Location
- 1720 M Street Arcata, California 95521 United States 40°52′36″N 124°5′21″W﻿ / ﻿40.87667°N 124.08917°W

Information
- School type: Public high school
- Founded: 1894
- School district: Northern Humboldt Union High School District
- Principal: Kristin Ferderber
- Teaching staff: 52.93 (FTE)
- Grades: 9 - 12
- Enrollment: 1,007 (2024-2025)
- Student to teacher ratio: 19.03
- Colors: Black and Orange
- Nickname: Tigers
- Rival: Mckinleyville High School, Eureka High School
- Website: https://arcatahighschool.nohum.org/

= Arcata High School =

Arcata High School is the primary public high school in Arcata, serving students in grades 9 through 12. It is located in Arcata, California and is part of the Northern Humboldt Union High School District.

==History==

Arcata High School was the first high school in Humboldt County, established in the late 19th century. In August 1894, an election was held involving the elementary school districts of Janes, Bayside, and Jacoby. The vote resulted in favor of founding a new high school. It was determined that the high school should be placed in Arcata, and named Arcata Union High School.

In 1903, in order to support the growth of the high school, a 6,000 dollar bond passed. This bond was used to construct the first school building on 16th and G streets, in Arcata. In 1912, enrollment reached 100 students. New buildings opened in 1920, 1924, and 1943. In 1944, enrollment had reached 500 students and 21 teachers were employed. In 1947, construction began on a new classroom wing and gymnasium. In 1952, the school's metal shop building, and science wing, began construction. In 1956, construction began on the wood shop building.

==Academics==
Arcata High School has an Advanced Placement program for those who wish to obtain college credit and take more advanced classes.

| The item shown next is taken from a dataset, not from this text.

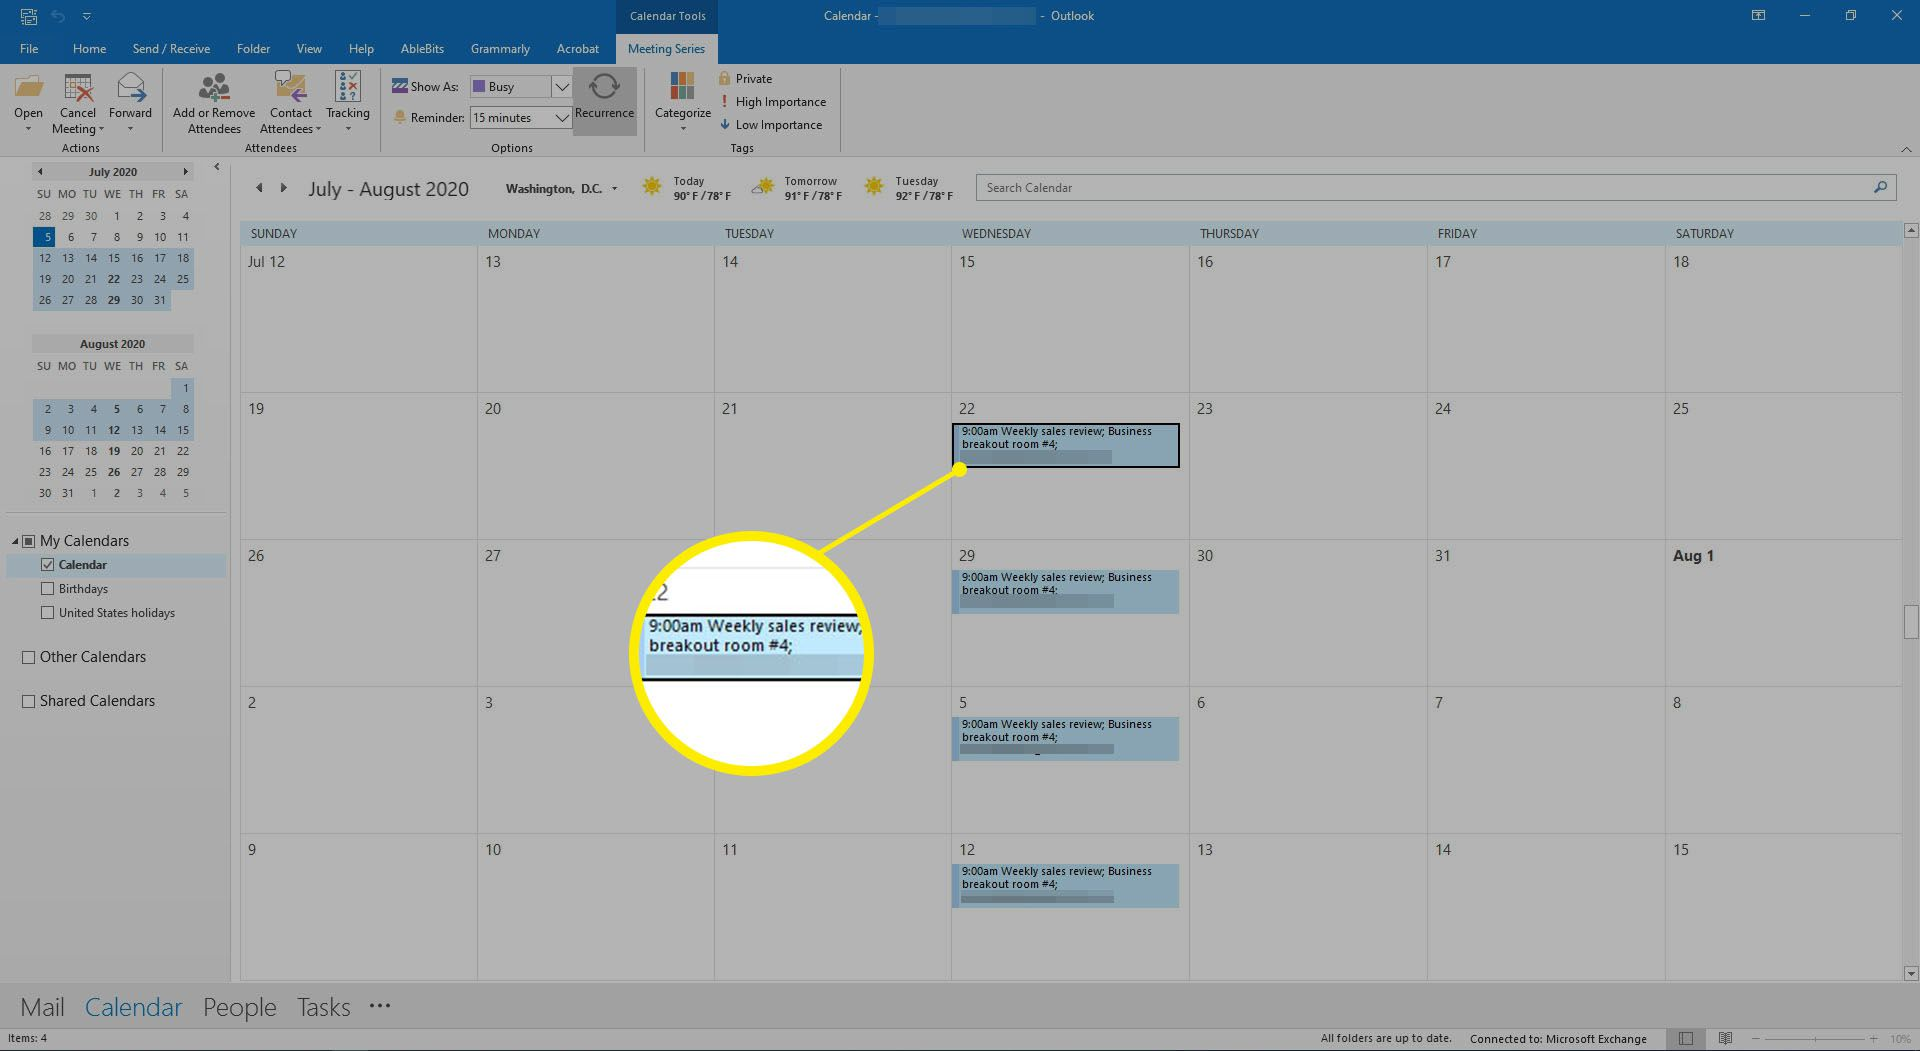 Selecting a meeting on an Outlook calendar.

Students at Arcata High School are also given the opportunity to earn college credit by taking classes at the nearby colleges, Humboldt State University and College of the Redwoods.

The high school contains on campus both a charter school, Six Rivers Charter High School, and a continuation school, Pacific Coast High.

==Arts==
Arcata High School has a number of special programs through the Arcata Arts Institute, which helps students with a particular interest in the arts (music, dance, drama, etc.) to pursue their interests. In addition to the Arcata Arts Institute, Arcata High School has a Concert Choir, Madrigal Choir, Jazz Band, and the ArMack Orchestra.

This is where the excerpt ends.